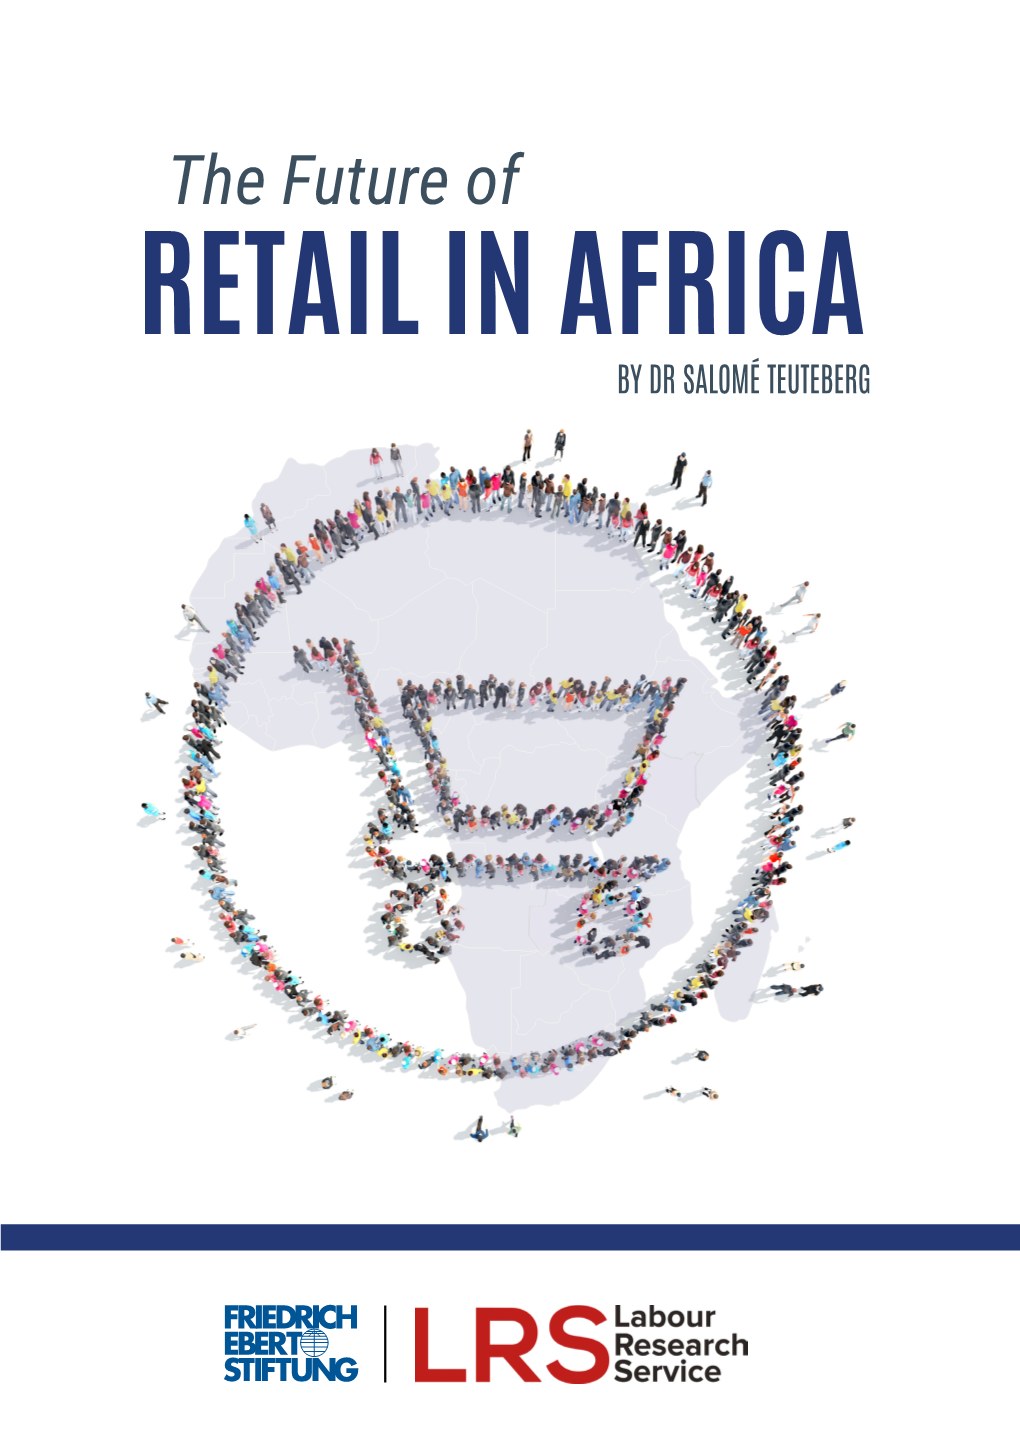 The Future of RETAIL in AFRICA by DR SALOMÉ TEUTEBERG by Salomé Teuteberg
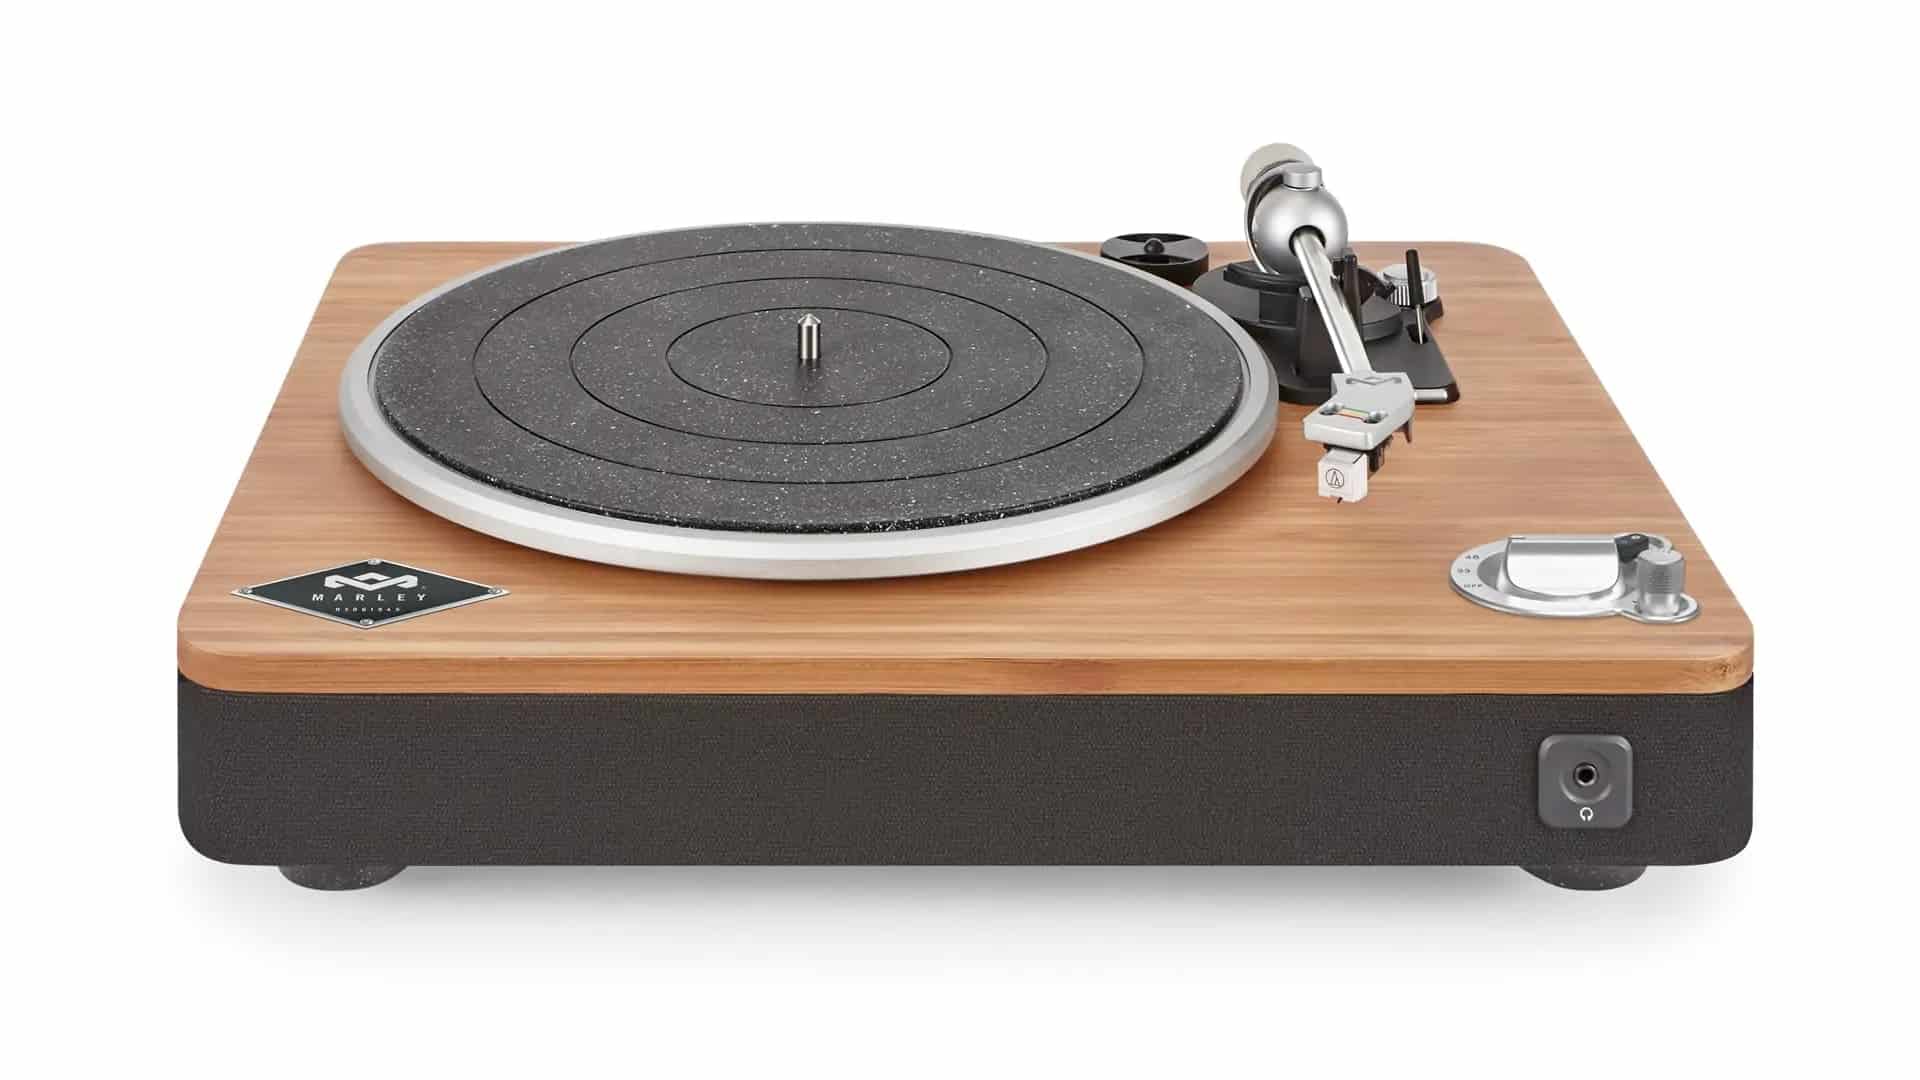 house of marley stir it up turntable
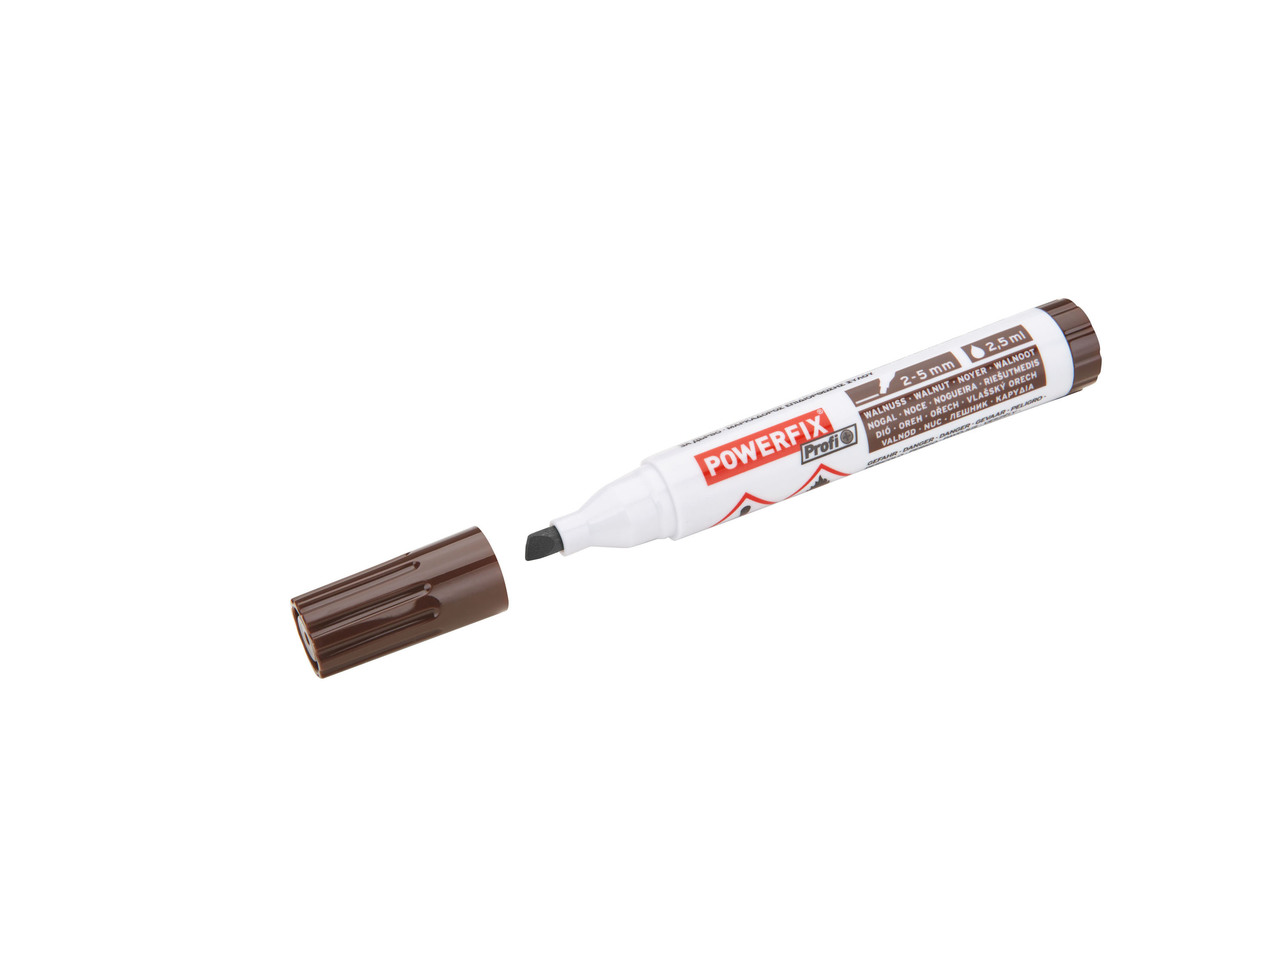 Grout Pen or Wood Touch-Up Pen

Task objective:
The whole listing above is to be repeated exactly, apart from its pictures.

Task answer:
 The Future of RETAIL in AFRICA by DR SALOMÉ TEUTEBERG by Salomé Teuteberg
 house of marley stir it up turntable
 Grout Pen or Wood Touch-Up Pen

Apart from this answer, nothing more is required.